Equally important, we do not believe that Judge Glasser was led astray when he deferred retrial of the open counts pending resolution of the pending appeal, based upon the government’s vow not to retry the open counts should the convictions be affirmed. See Konstantinidis v. Chen,
III. CONCLUSION
We need go no further. We have jurisdiction to hear and determine the government’s appeal. Having considered the parties’ contentions fully, we are constrained to reverse.

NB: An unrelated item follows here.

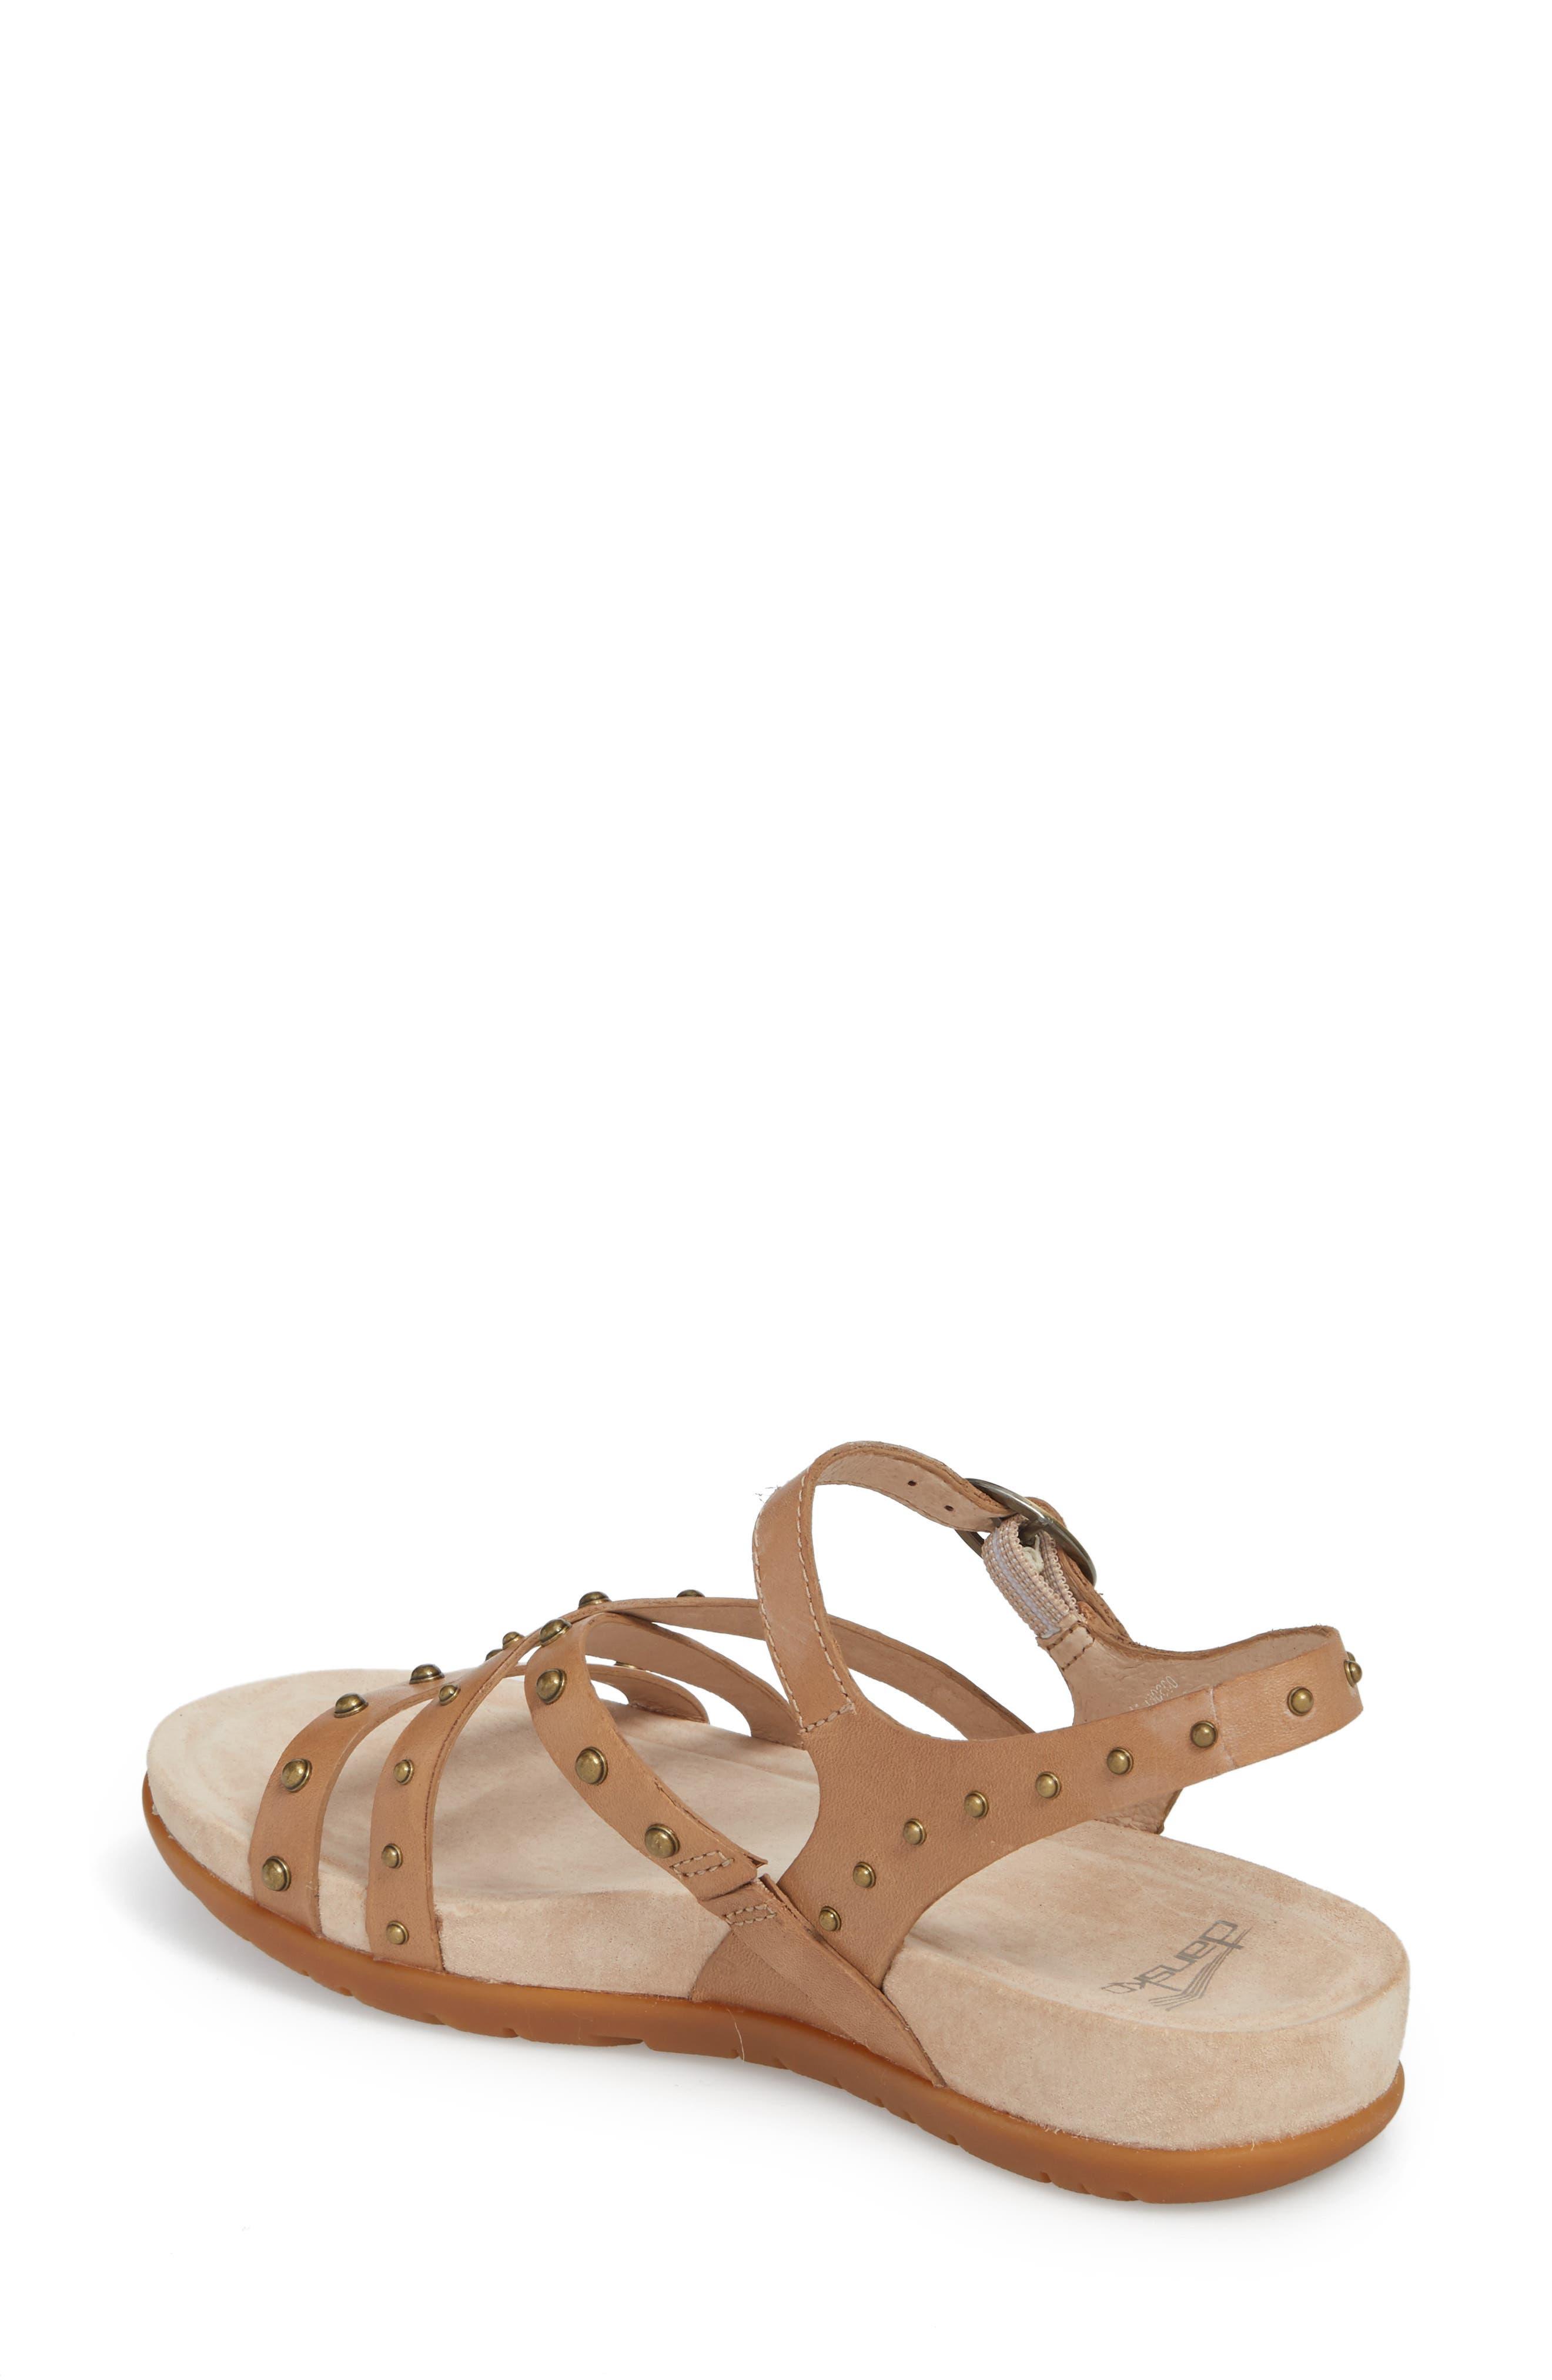 Brigitte Studded Strappy Sandal,                             Alternate thumbnail 2, color,                             Sand Leather

This case does not call upon us to determine large and important questions about the dimensions of the doctrine which has come to be termed judicial estoppel, or as to whether those principles may ever be invoked against the government in a criminal case. We conclude that, in the circumstances at bar, the district court’s application of judicial estoppel was improper because the government did not play “fast and loose.” Its position was neither inconsistent nor deceptive, and the handling of the federal prosecutions in New York and Massachusetts, seen as a whole, did not comprise an abuse of the judicial process. Accordingly, the district court erred in striking the predicate acts.
Reversed and remanded.
Notes
. The term “defendants” hereinafter refers to the following six individuals: Raymond Luc Le-vasseur, Thomas William Manning, Carol Ann Manning, Jaan Karl Laaman, Barbara J. Curzi, and Richard Charles Williams. The district court order does not apply to Patricia Gros Levasseur, though she is also a defendant below. Thus, we are not concerned with her on this appeal.
. Section 3731 of Title 18 also provides in part:
An appeal by the United States shall lie to a court of appeals from a decision or order of a district court suppressing or excluding evidence or requiring the return of seized property in a criminal proceeding, not made after the defendant has been put in jeopardy and before the verdict or finding on an indictment or information, if the United States attorney certifies to the district court that the appeal is not taken for purpose of delay and that the evidence is a substantial proof of a fact material in the proceeding.
The government does not contend that its appeal is authorized pursuant to this portion of § 3731. We express no opinion, therefore, on whether appellate jurisdiction exists thereunder. Cf. United States v. King,
.Specifically, the court struck six predicate acts as to Levasseur, reducing that number of alleged acts from twenty-five to nineteen; five predicate acts as to Thomas Manning, reducing that number of alleged acts from twenty-five to twenty; eight predicate acts as to Carol Manning, reducing that number of alleged acts from eleven to three; five predicate acts as to Laa-man, reducing that number of alleged acts from twenty to fifteen; eight predicate acts as to Curzi, reducing that number of alleged acts from eleven to three; six predicate acts as to Williams, reducing that number of alleged acts from nineteen to thirteen.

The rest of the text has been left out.